India's high wage growth, pushes down INFY's margins. Demand for IT professionals has dramatically increased over the past several years. India has become a primary source for IT professionals leading to salary inflation. Salaries for Indian IT professionals have had an average annual growth of 14%. Although Infosys has seen its operating margins drop significantly, the company still maintains higher margins than its competitors. The company attracts higher revenue projects than its competitors, resulting in more revenue per employee.

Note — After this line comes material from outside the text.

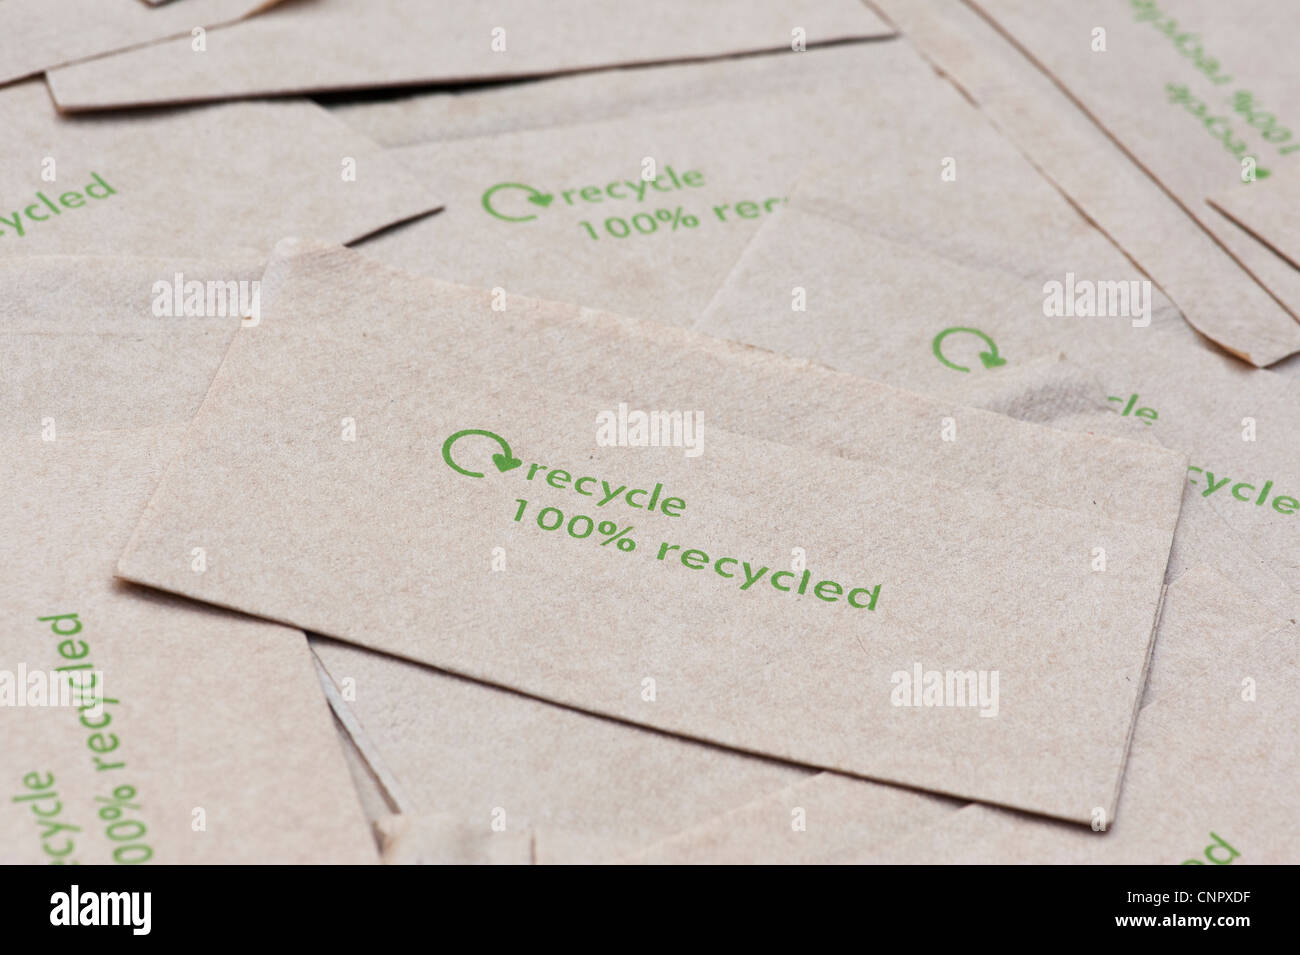 Reciclar papel reciclado 100% / mensaje impreso sobre servilletas de papel  Fotografía de stock - Alamy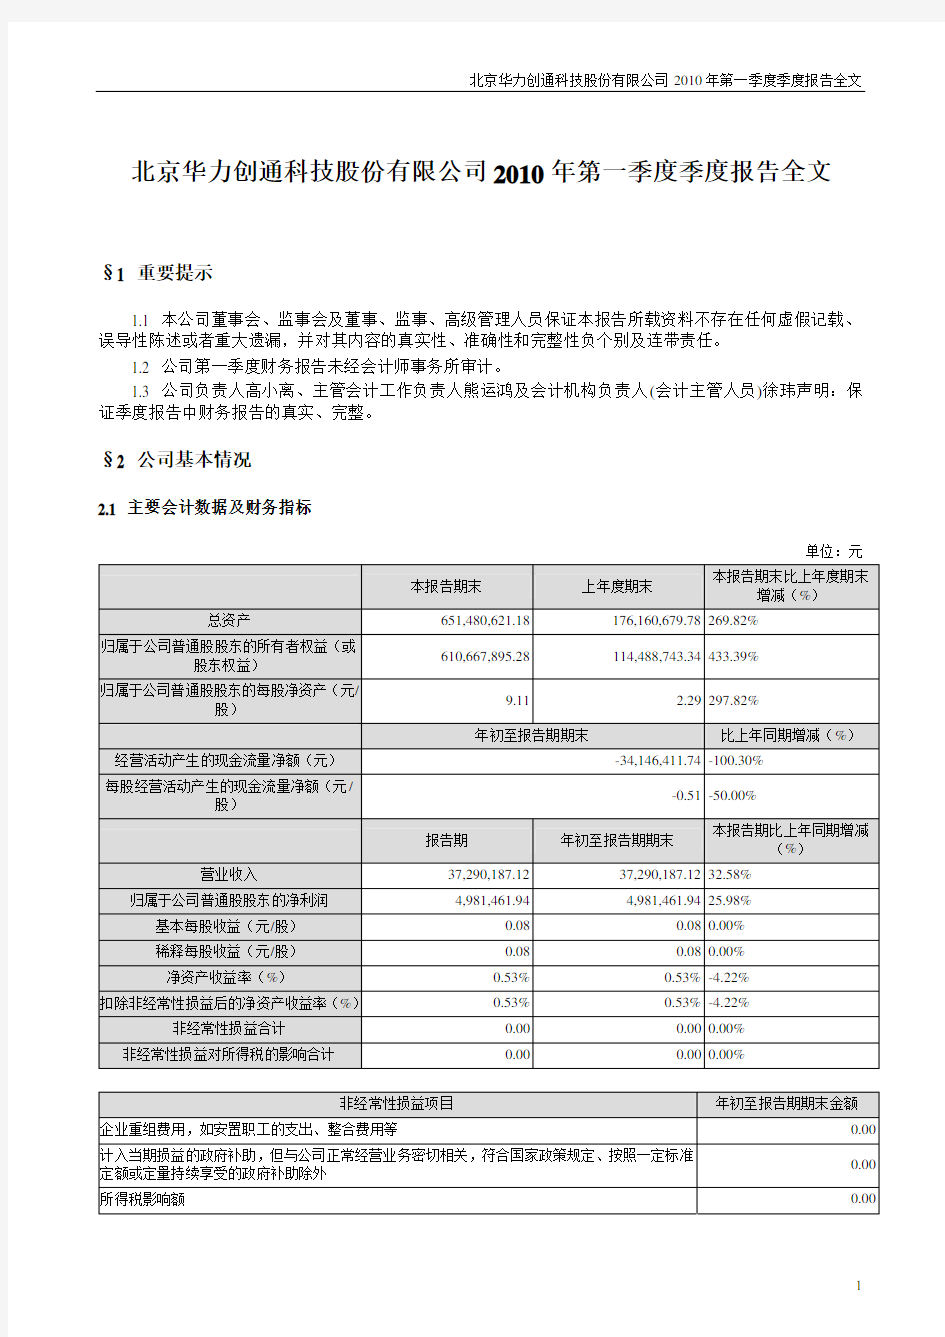 北京华力创通科技股份有限公司2010年第一季度季度报告全文

The company's reputation as the premier IT services firm in India also allows it to hire new recruits at below market salaries resulting in lower compensation costs.

Lower attrition rates

Infosys' focus on high level recruits and intensive training gives it some of the most productive and effective employees in the industry. Infosys accepts less than 3% of applicants. Infosys is able to attract top level recruits with the promise of best in class training. Their training facility in Mysore is the largest corporate training facility in the world. Moreover, Infosys was one of the first Indian firms to offer stock options to its employees and has a policy of providing all employees with options. The options along with company's emphasis on ongoing training and its reputation as the top IT services firm in India, have helped the it to maintain some of the industry's lowest attrition rates.

Foreign Exchange Risks

Infosys gets the majority of its business from outside India. As a result, Infosys feels the impact of foreign exchange fluctuations more than most companies. In recent years, the dollar has appreciated against the rupee. Although Infosys is able to adjust its fees to compensate for a weaker dollar, continuing weakening of the dollar will make outsourcing to India less attractive to American firms. Infosys is also focused on becoming a more global firm and has hired employees in Eastern Europe as well as other parts of Asia resulting in an increase in currency risk.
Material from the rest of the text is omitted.